Социология апокалипсиса
Любая общественная дискуссия – это конкуренция жанров. Дискуссия о войне – тем более. И в каждой такой битве исследователь может найти противостояние двух типов нарративов: высокого и низкого. Апокалиптического и миметического, как называет их Филип Смит.
«Мы стоим на пороге Третьей мировой… Мир горит… Вселенское зло снова подняло голову… Задумайтесь о будущих поколениях… История вас не простит…» – это пример жанра высокой апокалиптики.
«Война выгодна только торговцам оружием… Вы сбрасываете бомбы, чтобы поднять свой рейтинг… Почему наши налогоплательщики должны скидываться на ваши влажные фантазии… Вы не можете предложить план на следующий день после…» – это пример низкого миметического жанра.
Филип Смит проанализировал нарративы трех войн (в Суэце 1956-го, в Заливе 1991-го и в Ираке 2003-го), каждый раз обнаруживая в публичных срачах очень похожие диспозиции жанров.
Один из его героев – британский премьер-министр Тони Блэр, повелитель дискурса и дрессировщик метафор.
После 11 сентября в США апокалиптический жанр победил практически без боя. Прямые сравнения с Перл Харбором. Аналогии со Второй мировой. Заголовки «Америка на войне!» (хотя еще неясно с кем). Я тогда работал в Штатах и помню зашкаливающую апокалиптичность утренних разговоров за чашкой кофе. Потому что «если возможно это, возможно все, что угодно».
Но в Англии… С ее политикой рационального прагматизма? С ее культом здравого смысла? С ее верой в международную торговлю как фундамент вечного мира? Британский лев повернулся глухим ухом к верещащему американскому орлу. Пока за дело не взялся Блэр.
С противниками-консерваторами Блэр говорил на языке внешних угроз, цивилизационных разломов, исторических аналогий и культурных идентичностей. Примерно так: …пока мы отлеживались на своих островах и решали внутренние экономические проблемы, Зло вооружалось… и если сейчас мы не придем на помощь своему главному союзнику в его экзистенциальной битве, то кто мы вообще? …что скажут о нас наши дети?
С лейбористами из своей собственной партии – на языке «фактов», «данных», «оценок», «прогнозов», «издержек» и «выгод». Это уже позднее выяснилось, что факты были, мягко говоря, высосаны из пальца, и прогнозы делались не на данных, а на авось.
В краткосрочной перспективе Блэр выиграл. Но он забыл, что различение «за войну / против войны» не совпадает с различением апокалиптического и миметического. Запустив машину апокалипсиса, он не учел, что в Соединенном Королевстве есть давняя традиция возвышенного антивоенного дискурса. И его почти монопольные дилеры – «старые» британские левые.

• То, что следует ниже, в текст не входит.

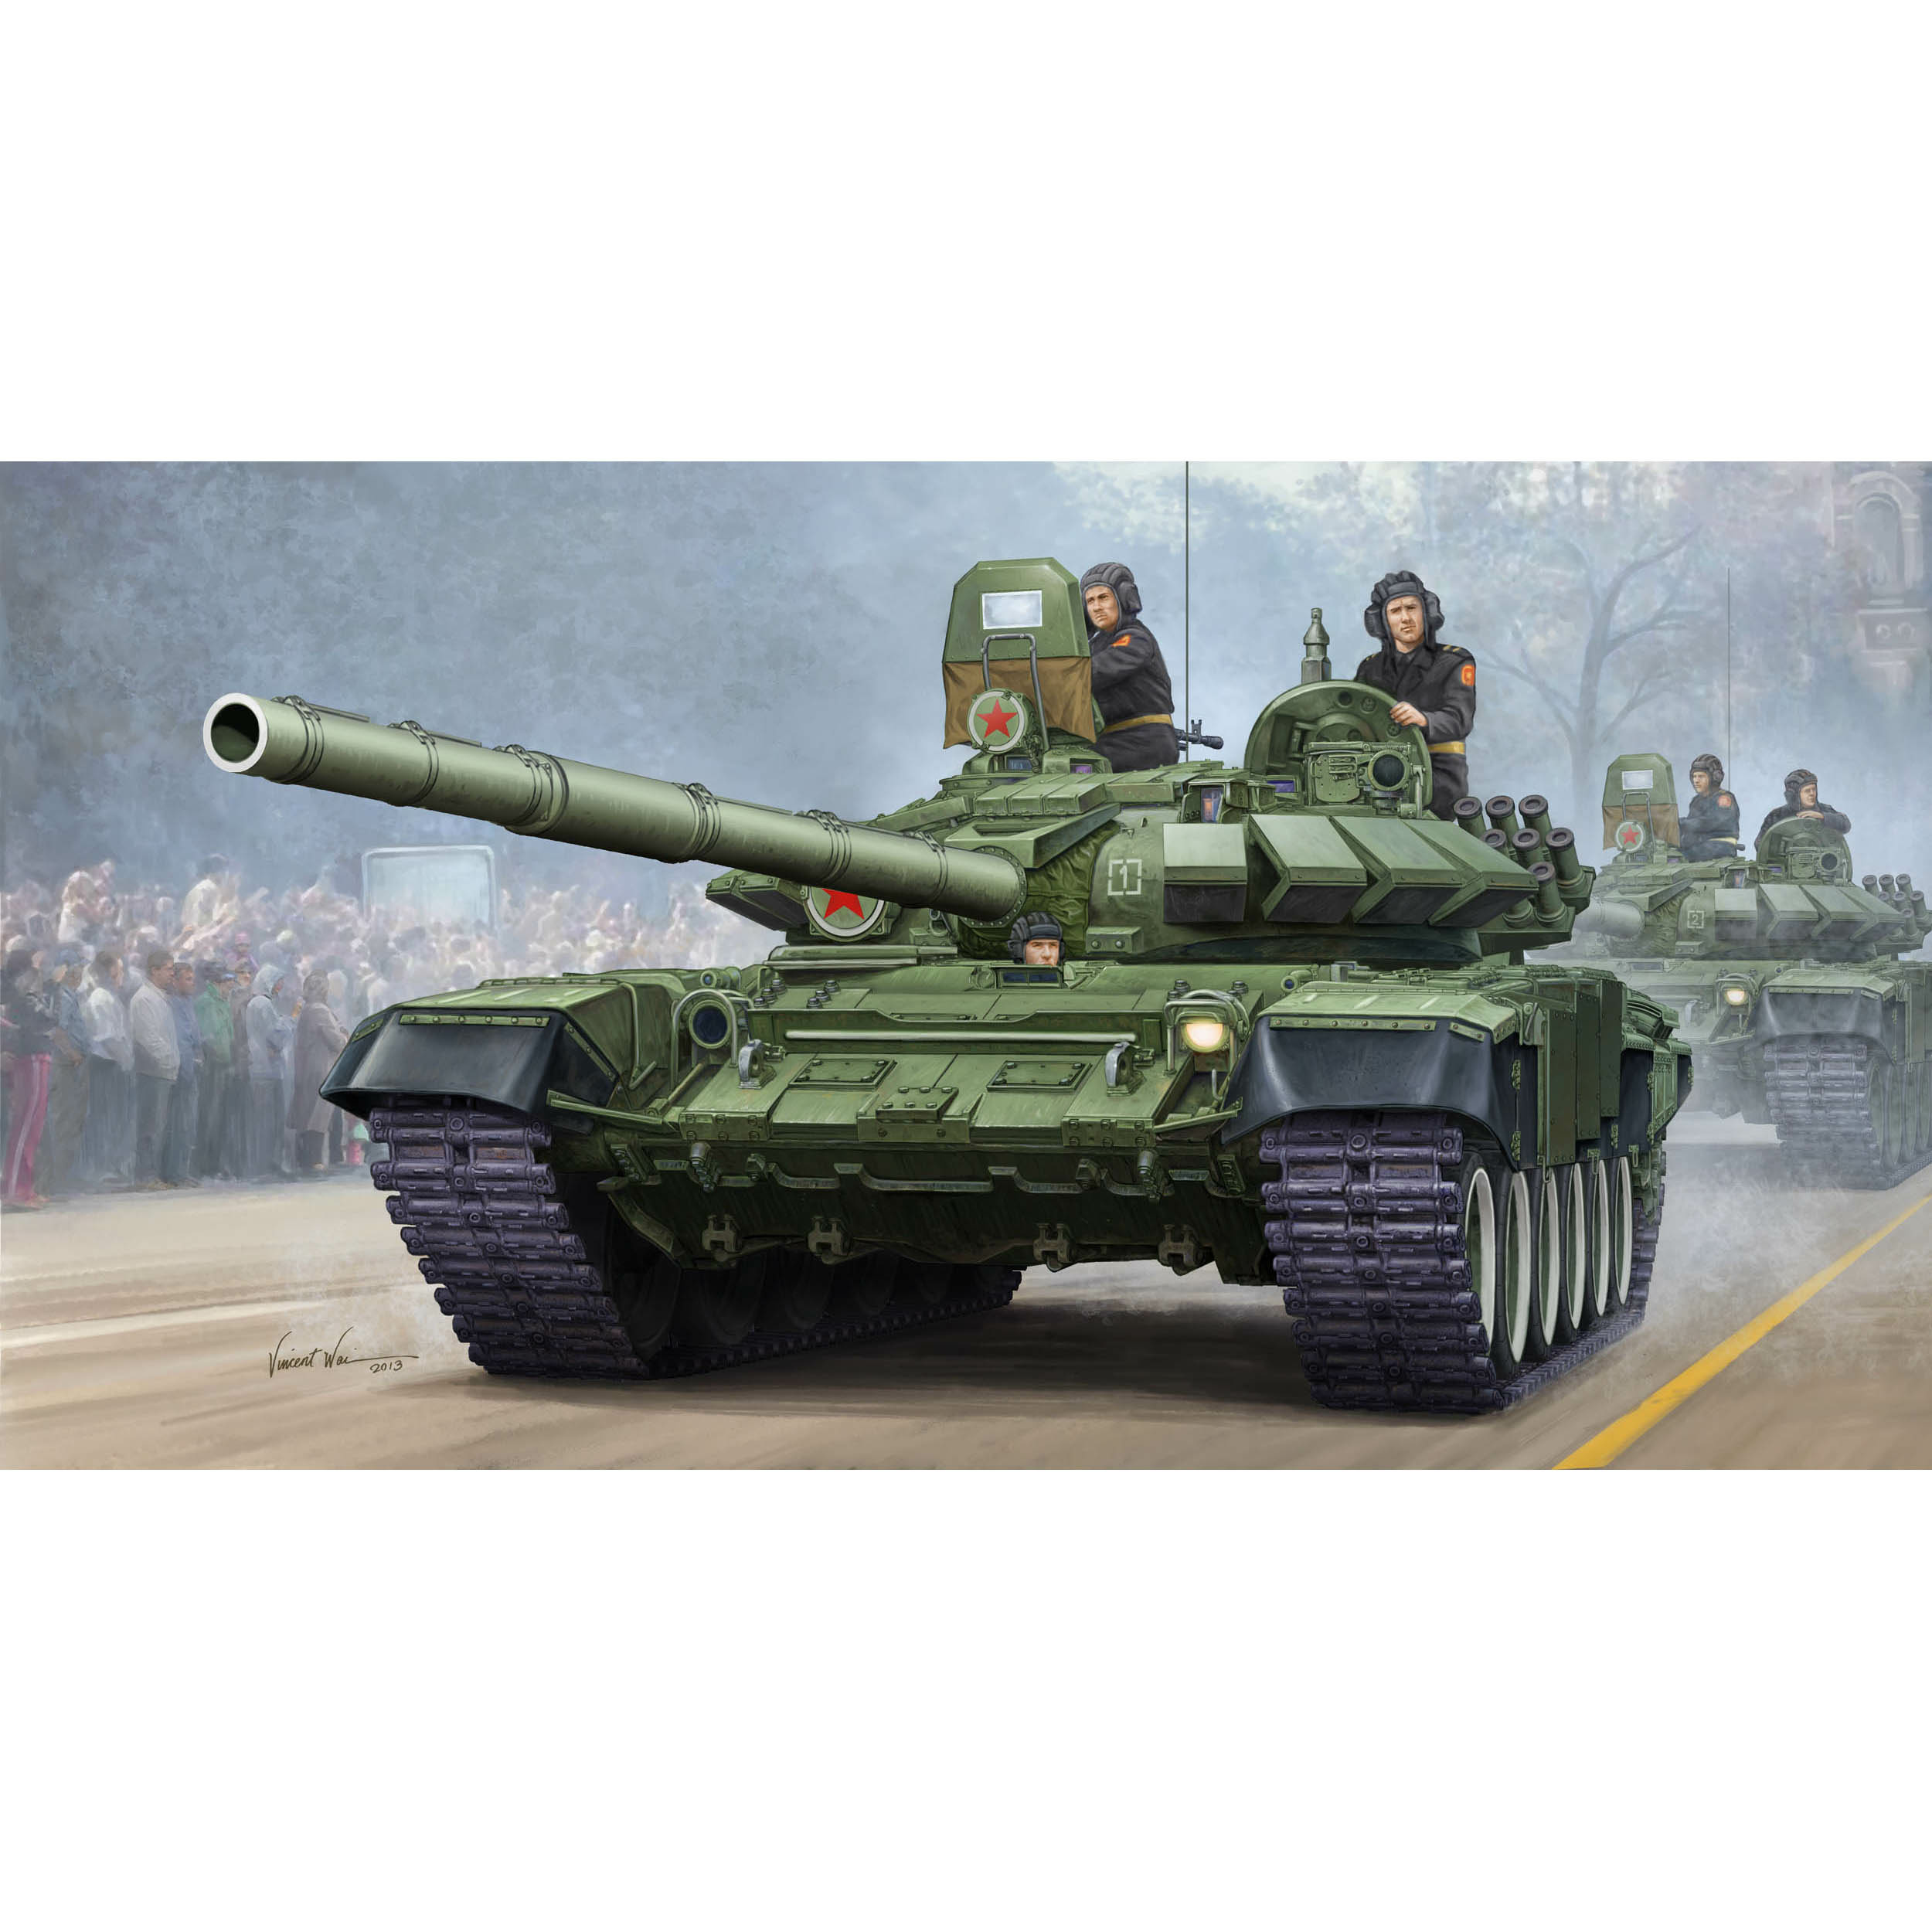 05564 Trumpeter 1/35 Tank 72B Mod 1989 MBT with cast tower

В его собственной партии стали набирать обороты тропы «англо-американской империалистической агрессии», «кровавой военщины» и «разжигателей войны». Джордж Галлоуэй призвал британских рабочих к актам саботажа на предприятиях. Тони Бент полетел в Багдад делать интервью с Саддамом Хусейном. «Блэр был совершенно прав, предупреждая нас об угрозе Третьей мировой. Он только забыл нас предупредить, что единственная причина грядущего массового смертоубийства – их любовная линия с Бушем-младшим».
Консерваторы же, очнувшись с похмелья после неумеренного употребления возвышенного пафоса, переключились на старую добрую миметическую бухгалтерию: где ты нам соврал, где ты не так посчитал, где ты проявил преступную самоуверенность, а где – расчетливую подлость.
Очень быстро между консерваторами и лейбористами сложился новый нарративный консенсус: «Блэр втянул Британию в войну ради своих краткосрочных политических целей».
Итак, у нас здесь есть три из четырех нарративов: возвышенный провоенный, возвышенный антивоенный, приземленный антивоенный.
О том, как потенциально мог выглядеть приземленный провоенный нарратив писать не буду. В «деле Блэра» его следов практически не было. Хотя история Великобритании времен Ост-Индской компании и РФ времен «сирийской кампании» дает нам множество релевантных примеров.